Data —
....

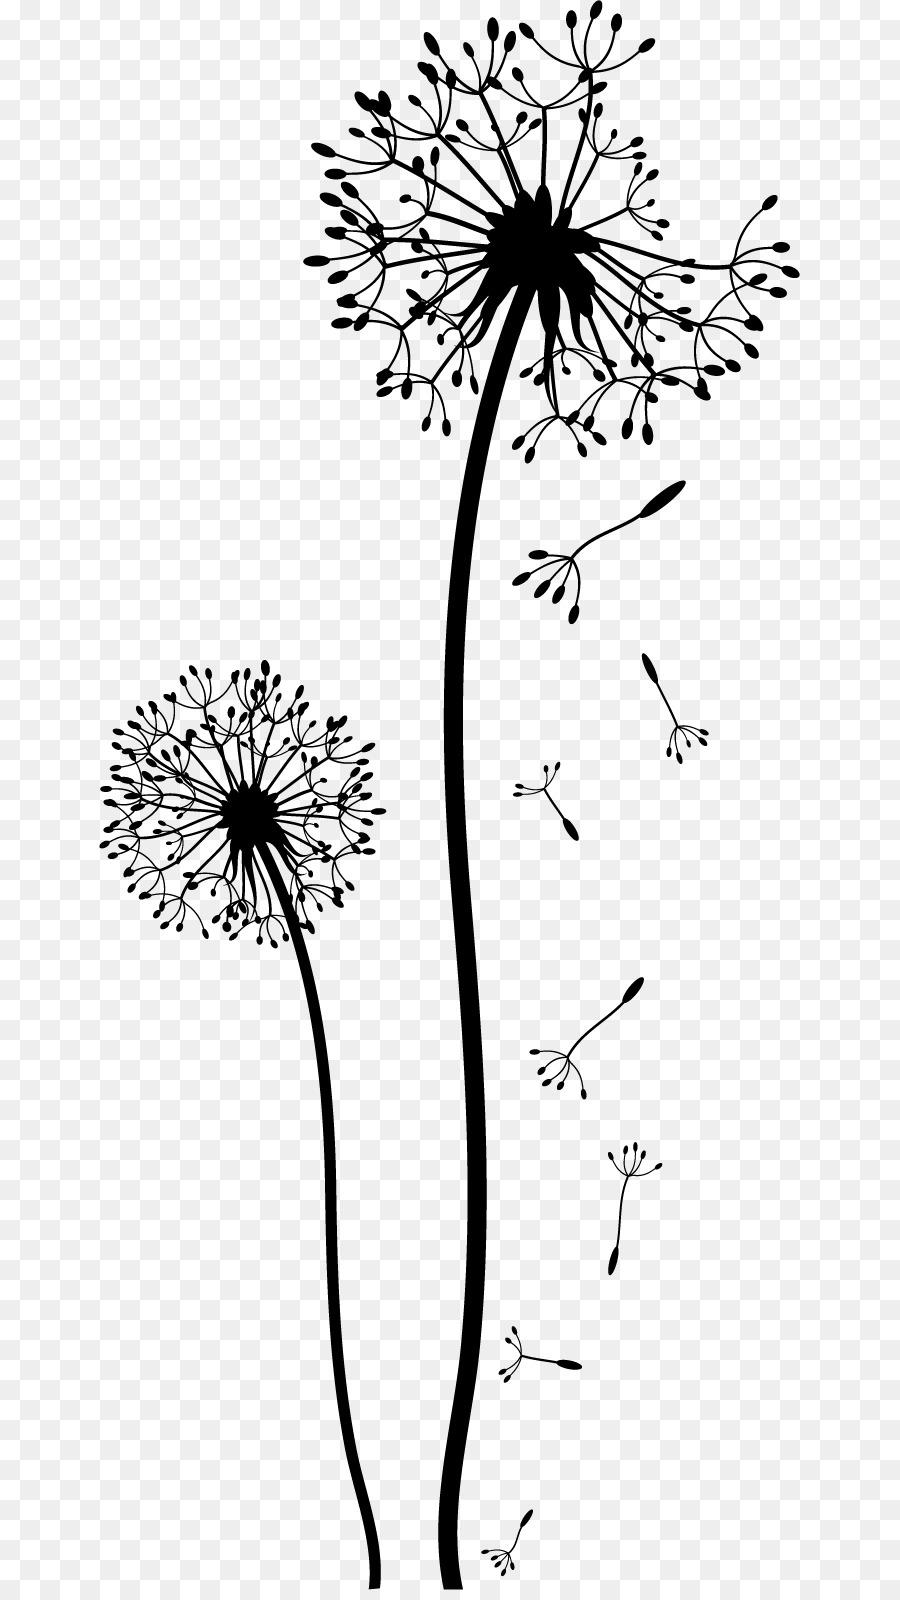 Dandelion drawing black and white clip art flower wall png dandelion drawing black and white clip art flower wall mightylinksfo
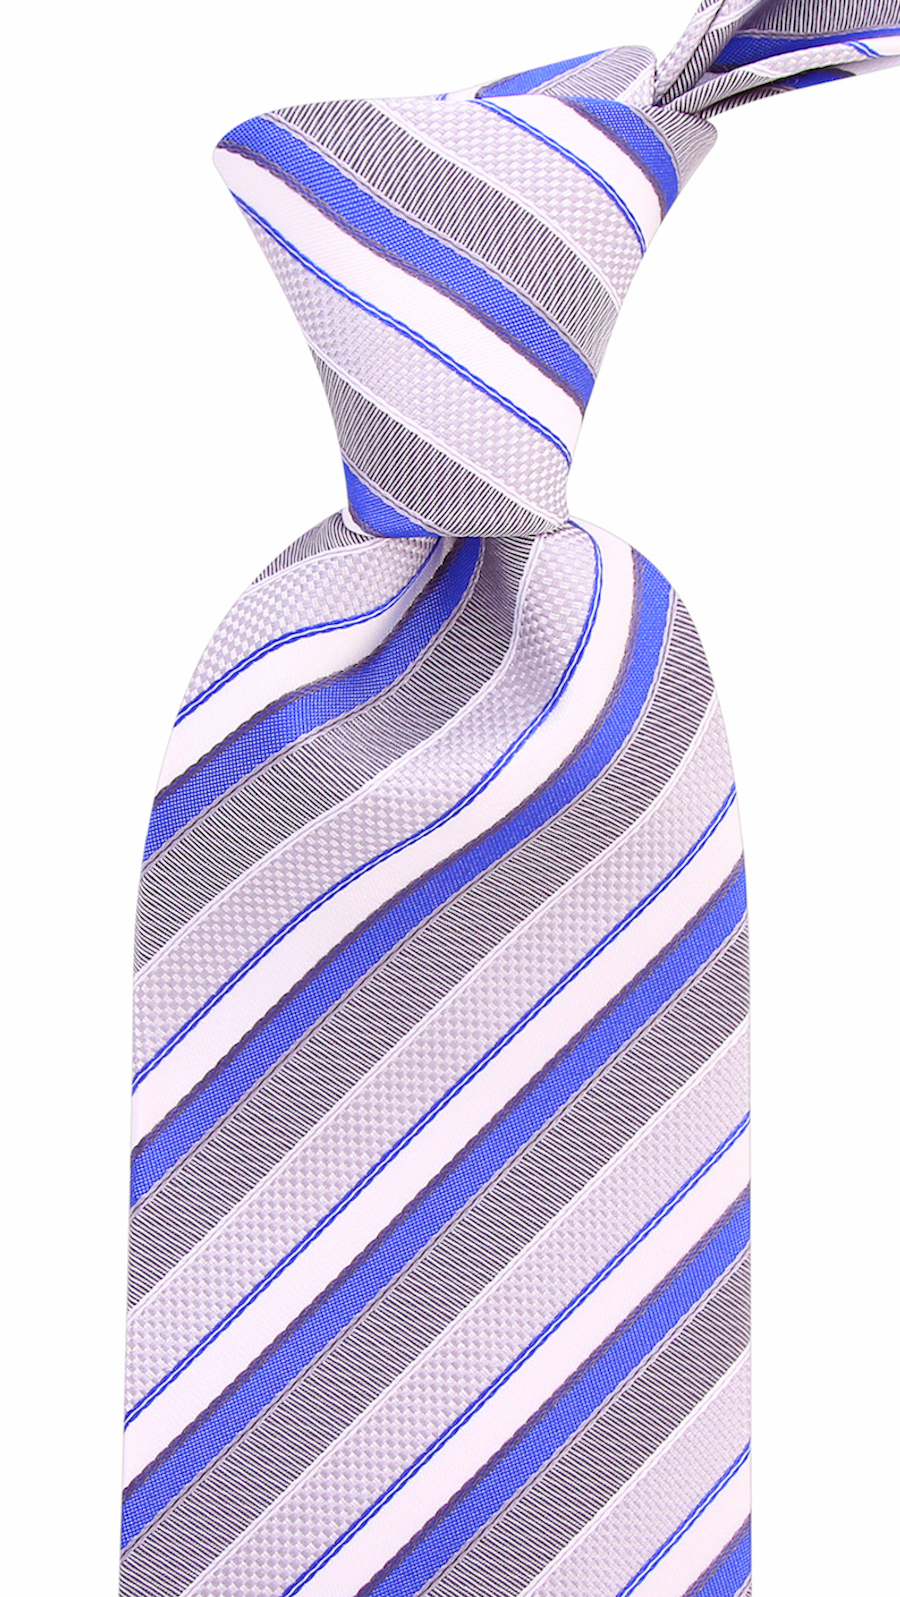 Scott-Allan-Striped-Necktie-Mens-Ties-in-Various-Colors thumbnail 30
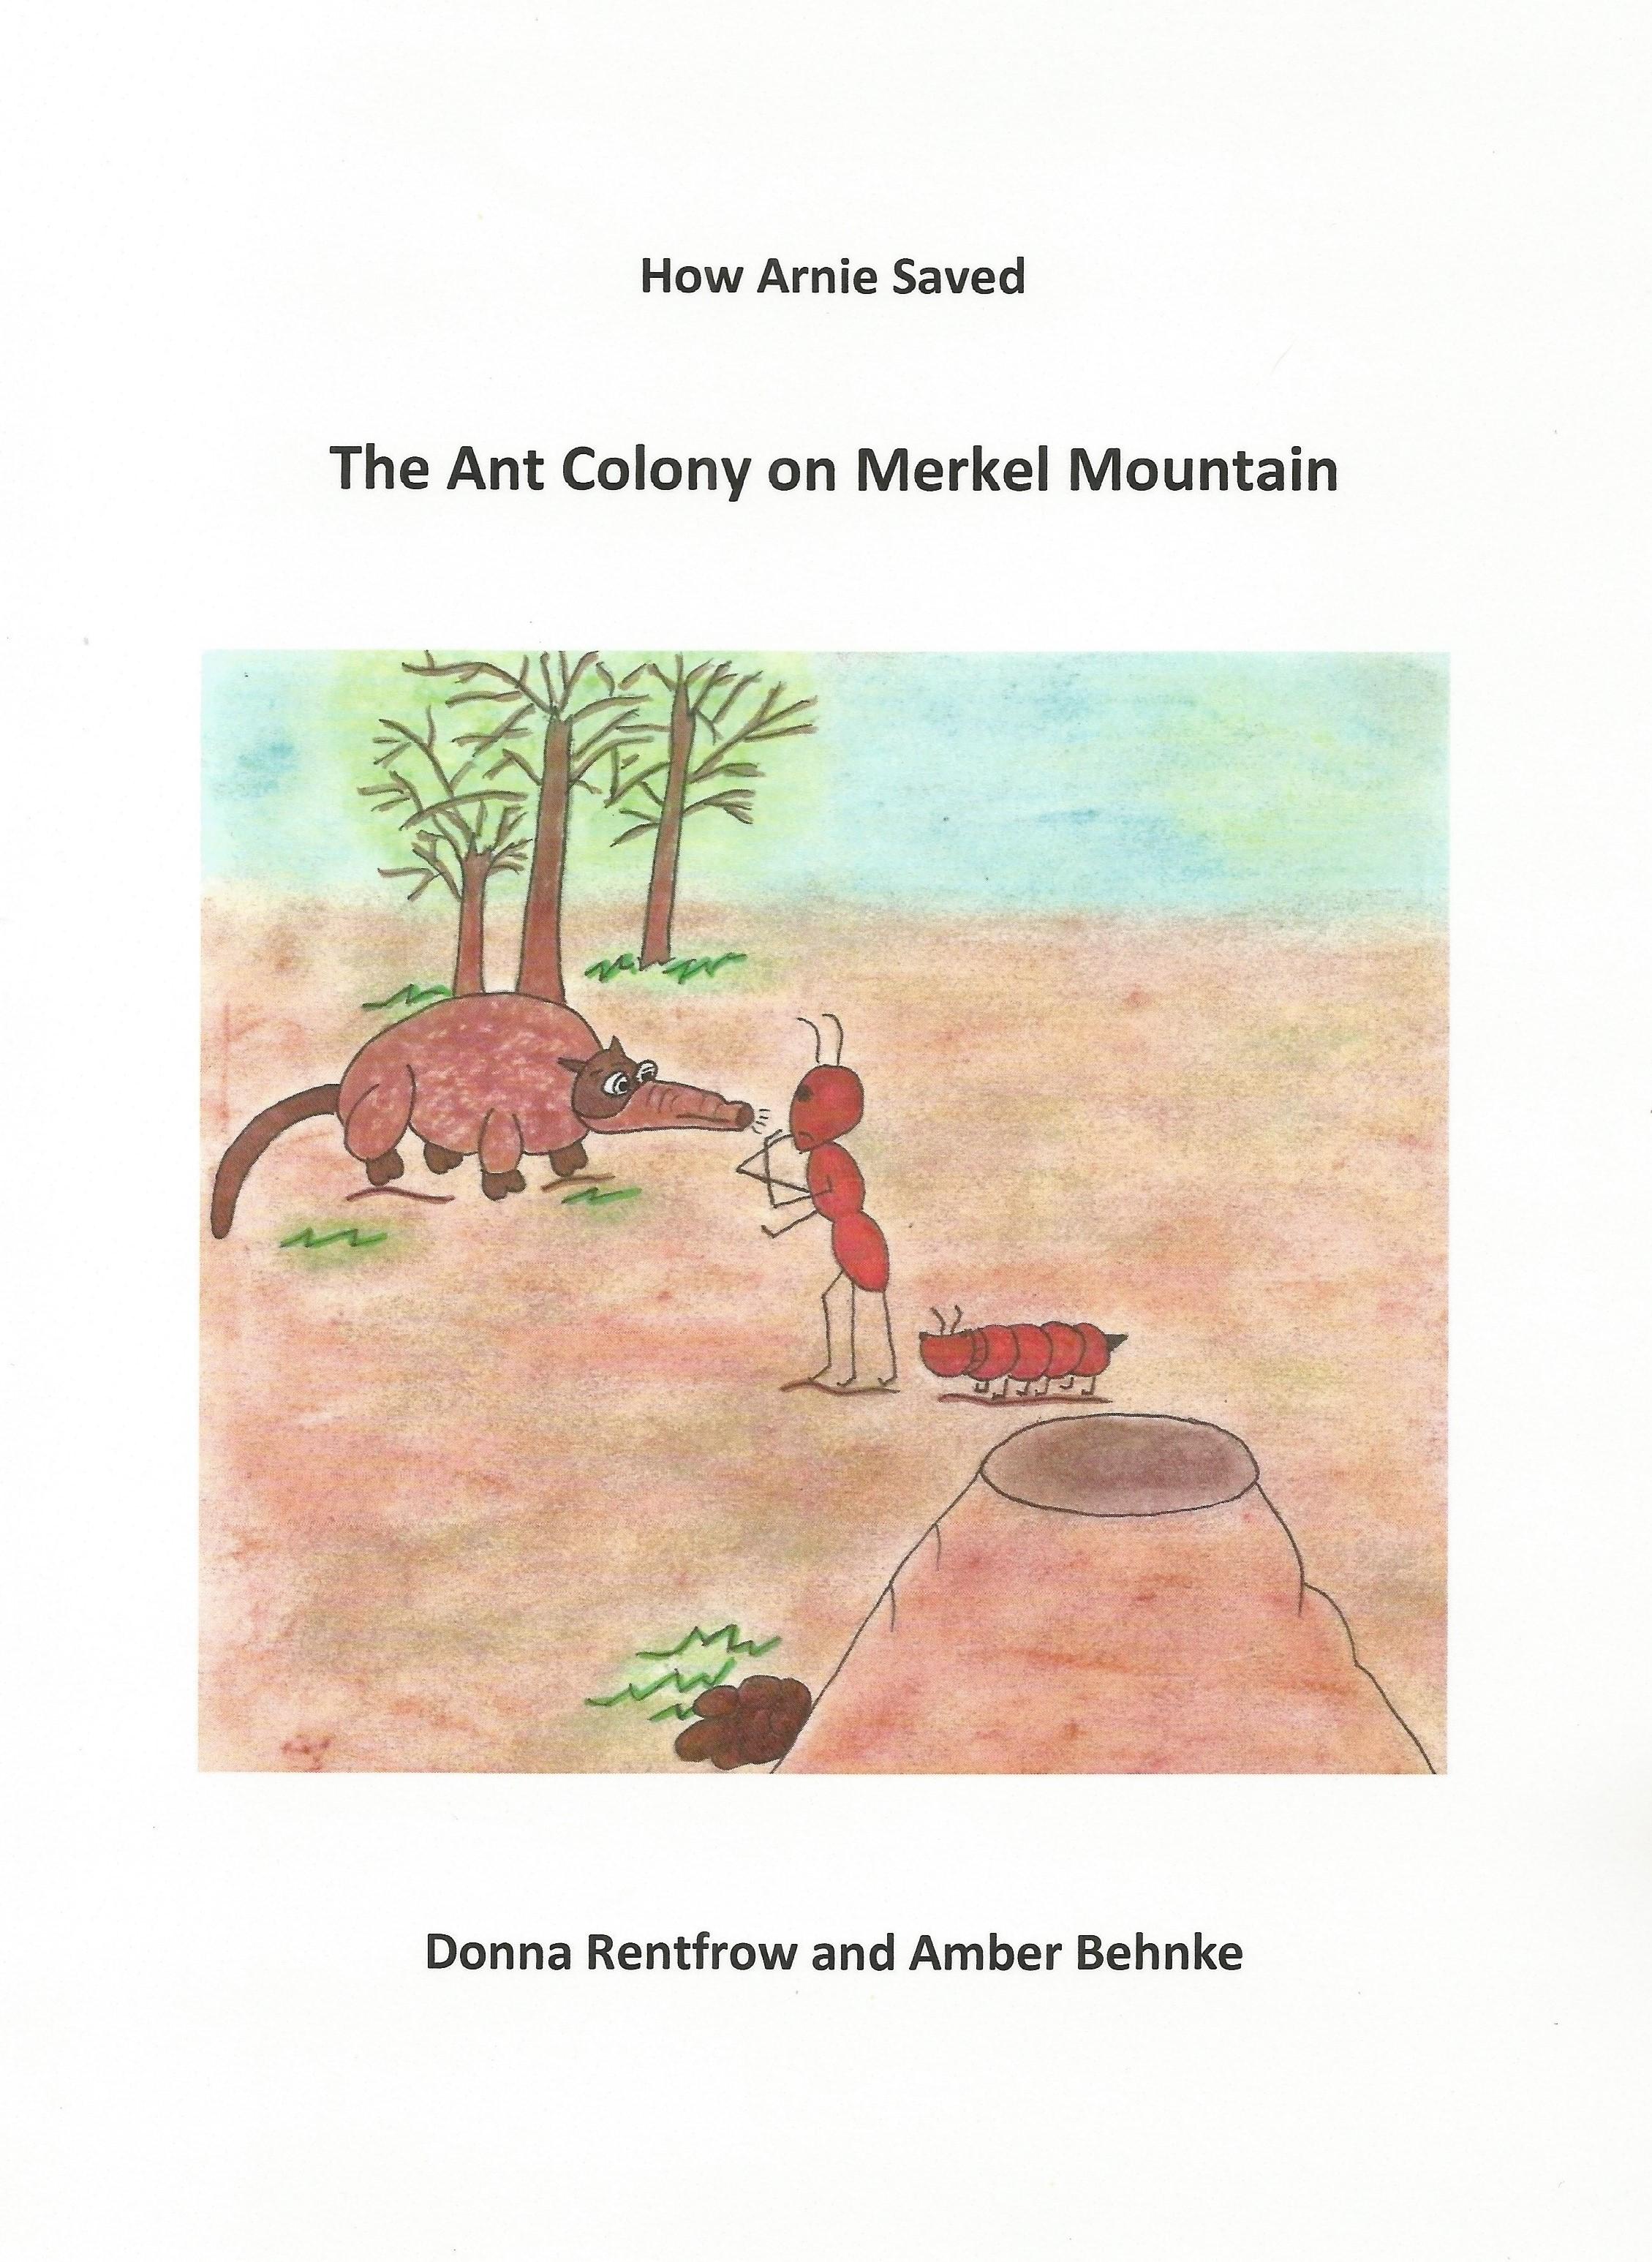 How Arnie Saved the nt Colony on Merkel Mountain's Ebook Image
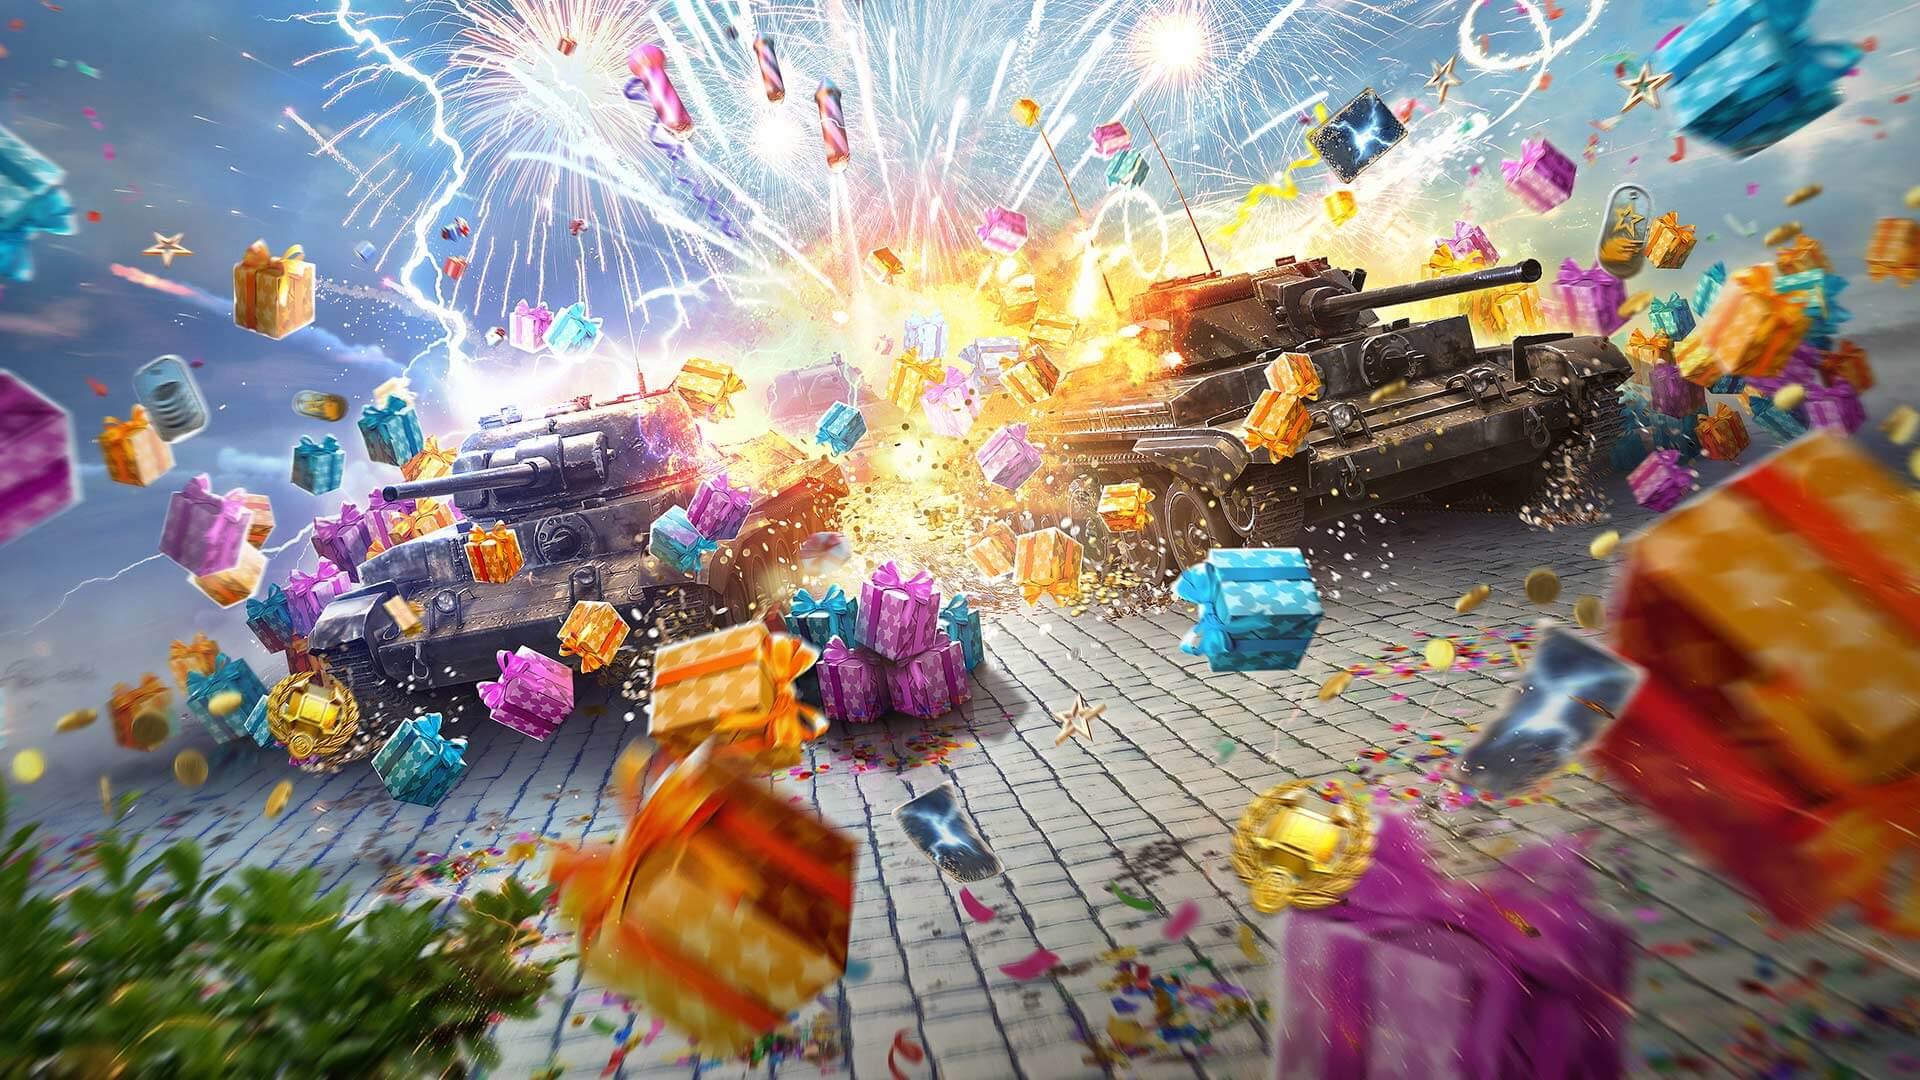 World of Tanks Blitz, Wargaming's premier mobile title, has

....

Required work — Give back, unaltered, each line of the listing from the first to the line that contains "How Arnie Saved", leaving every picture out.

Response —
 Dandelion drawing black and white clip art flower wall png dandelion drawing black and white clip art flower wall mightylinksfo
 Scott-Allan-Striped-Necktie-Mens-Ties-in-Various-Colors thumbnail 30
 How Arnie Saved the nt Colony on Merkel Mountain's Ebook Image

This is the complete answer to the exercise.